Better Visualization of Complex Spaces

To make the school safety solution operable in Denco 9-1-1’s jurisdiction, Ballentine and his colleagues requested floor plans and other relevant information from each school. With help from the team at GeoComm, they then used these resources to create the digital maps. This was challenging, according to Ballentine and Denco 9-1-1 GIS manager Vanessa Green-Montgomery, because while some schools sent their floor plans right away, others took a long time to respond and had to be prodded. Another issue was that the quality of some of the floor plans was too poor to use to generate accurate maps of the facilities.

“With that particular challenge, we had to come up with a process,” said Green-Montgomery.

A detailed indoor map of a school that shows classrooms, bathrooms, and closets along with the locations of things like fire extinguishers and security cameras
The maps show the locations of fire extinguishers, security cameras, and automated external defibrillators (AEDs).

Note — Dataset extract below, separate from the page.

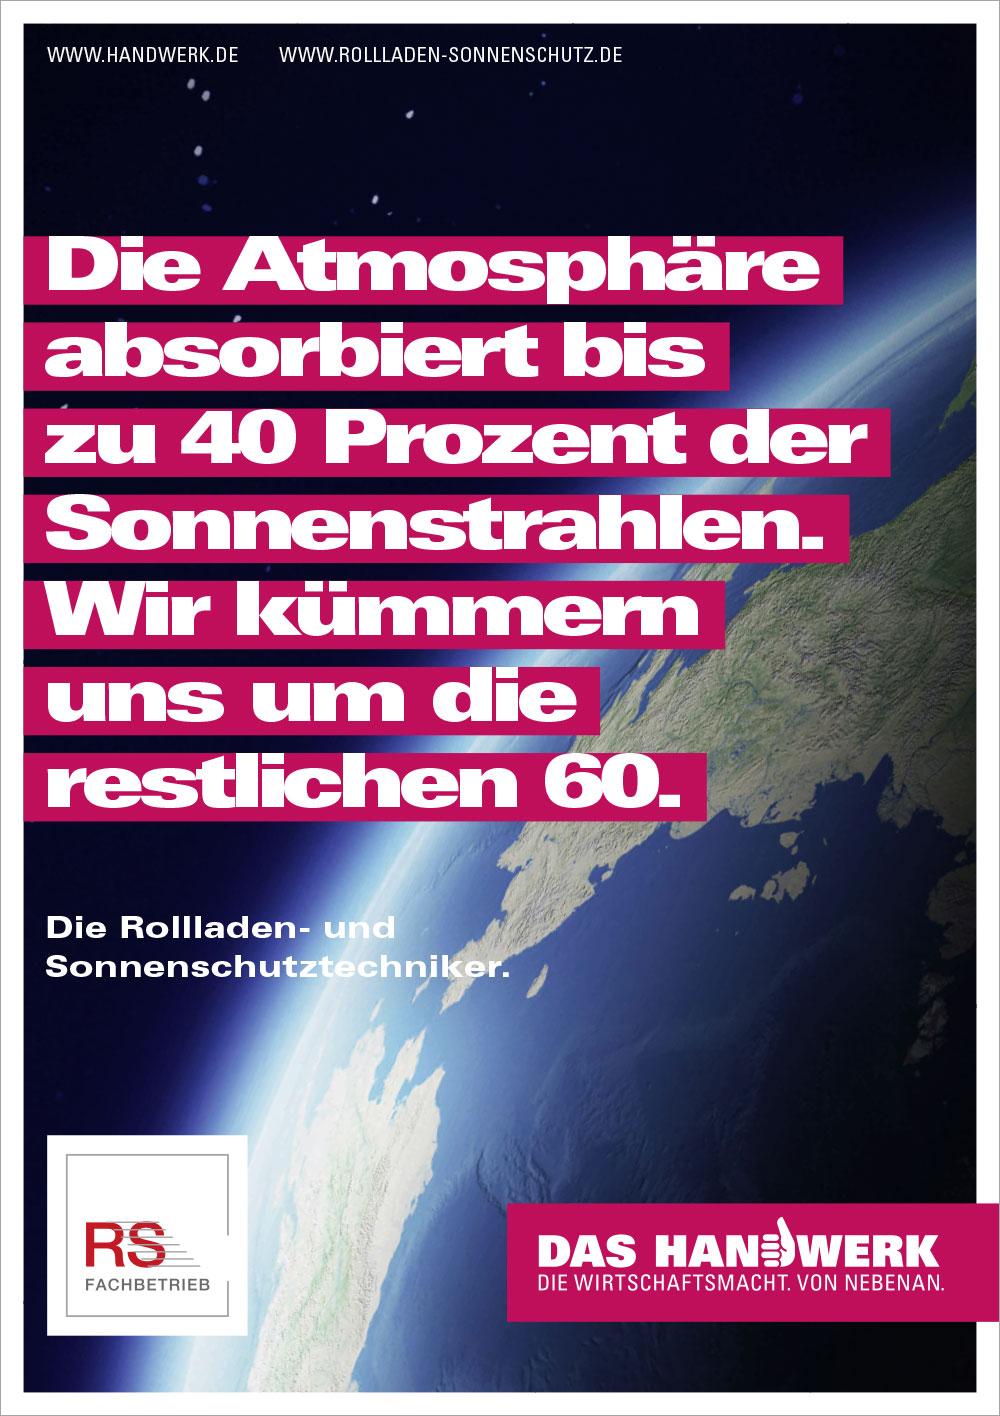 Plakat zur Handwerkskampagne Rollladen- und Sonnenschutztechniker
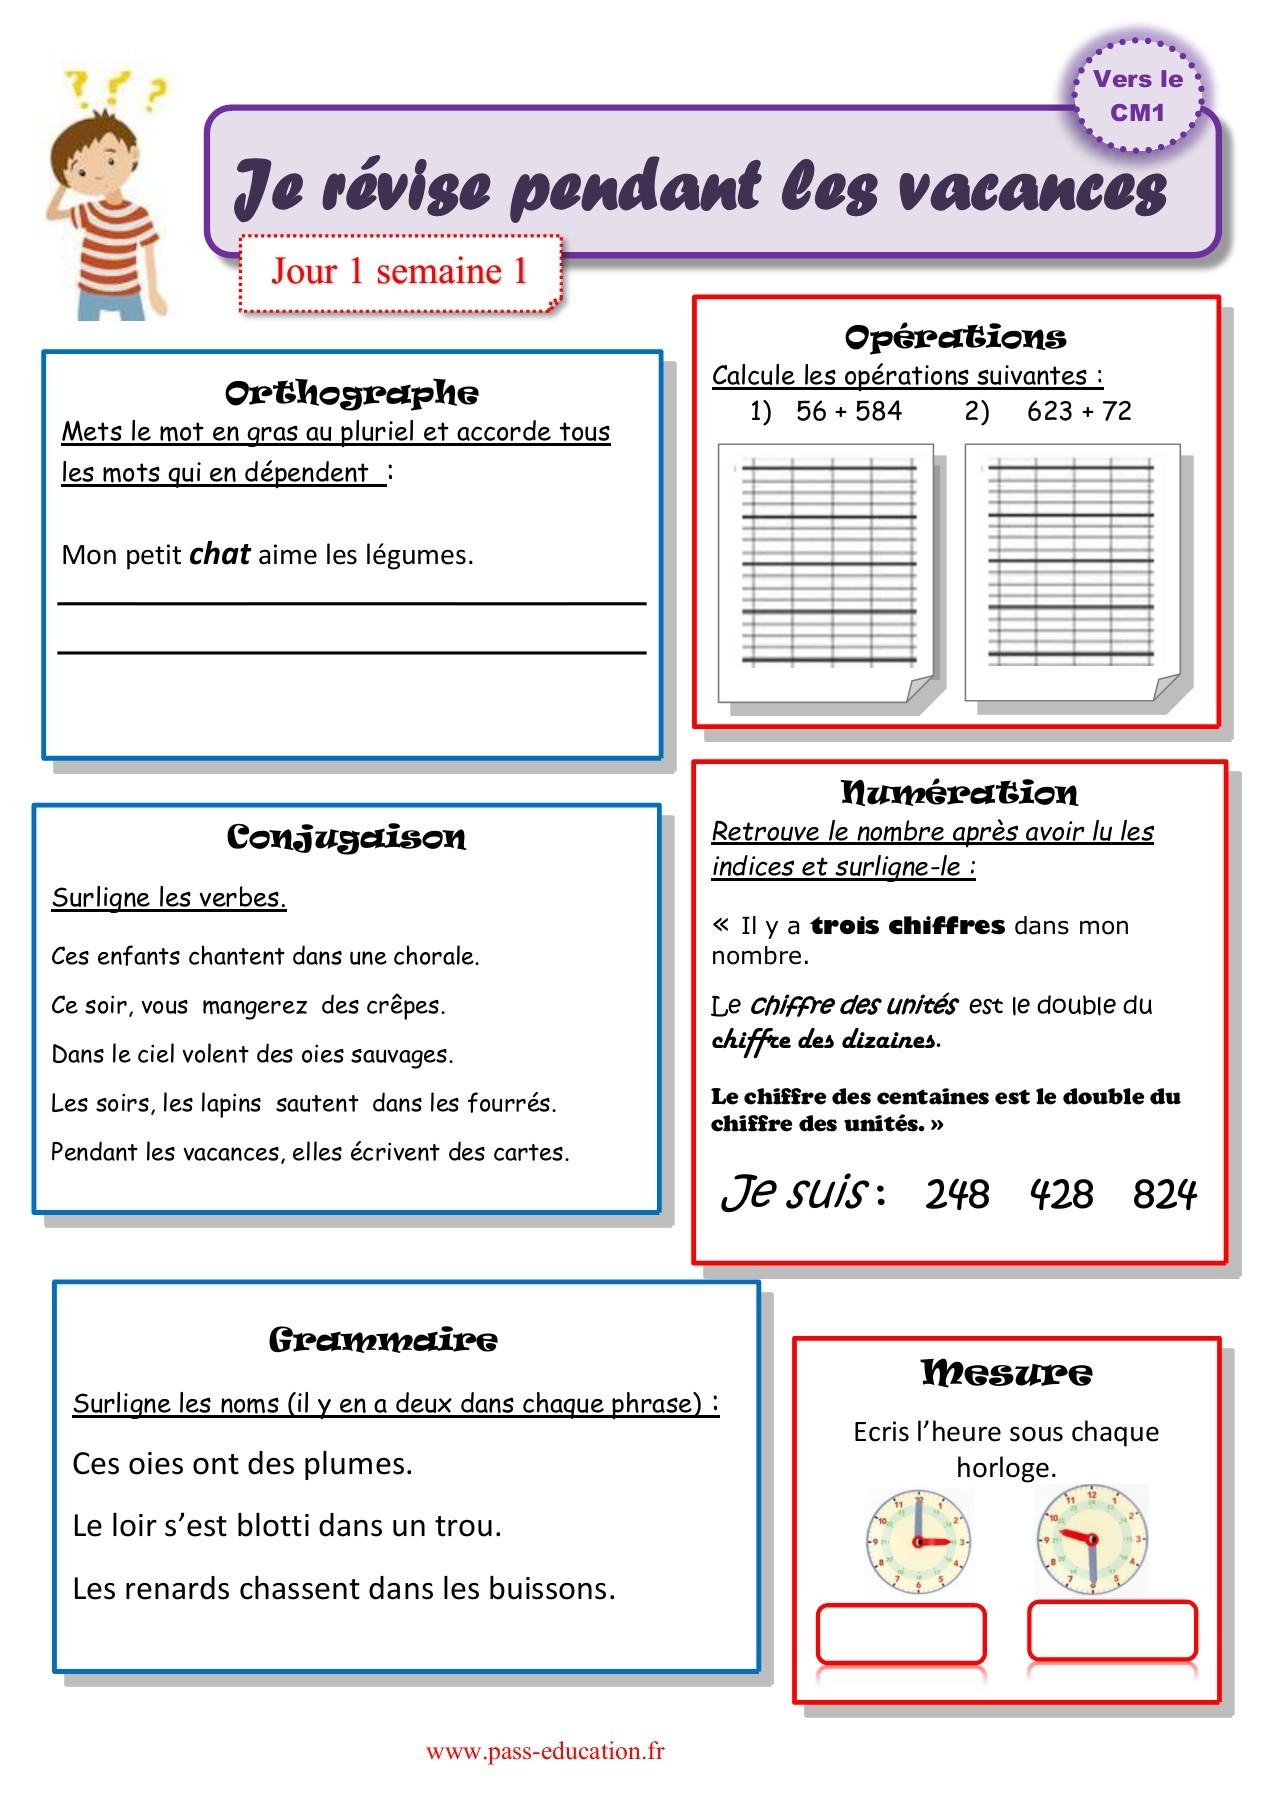 Cahier De Vacances Gratuit À Imprimer - Ce2 Vers Le Cm1 tout Travaille Ce2 A Imprimer

Denco 9-1-1 ended up purchasing equipment from Esri partner GeoSLAM to get 3D scans of the schools that had submitted low-quality floor plans. Nearly four years after the start of the project—with some major delays due to the COVID-19 pandemic—data collection was completed for all public schools in the Denco 9-1-1 response area by early 2023.

The maps, which consist of more than 220 school buildings, are now in use at emergency communication centers throughout the Denco 9-1-1 response area—including at the Flower Mound Police Department, where captain Jason Hawley works. He said that the detailed layers benefit first responders, whether they’re called in for an active shooter situation or another type of emergency.

The maps contain information such as the locations of fire extinguishers; security cameras; and automated external defibrillators (AEDs), which are used to quickly treat someone experiencing cardiac arrest. In addition to showing first responders where this equipment is, these landmarks can help callers identify the exact location of an emergency. This is a far cry from the PDF-based school maps that the Flower Mound Police Department worked with before. Those were often outdated and made it difficult to find specific locations.

“This technology is better,” said Hawley. “We can now visualize these maps in a cleaner manner that actually is suited to how it fits in our GIS.”

Now that 86 school maps are in Denco 9-1-1’s system, if an emergency call comes in from one of those schools, operators can use the floor plan and other details in the school’s indoor and outdoor maps to plot a precise location for where the call is coming from. The more information the caller gives, the more likely that the operator can plot the call down to the room.

“You would actually be able to see where the call is coming from,” said Green-Montgomery. “GIS plays an integral part in that.”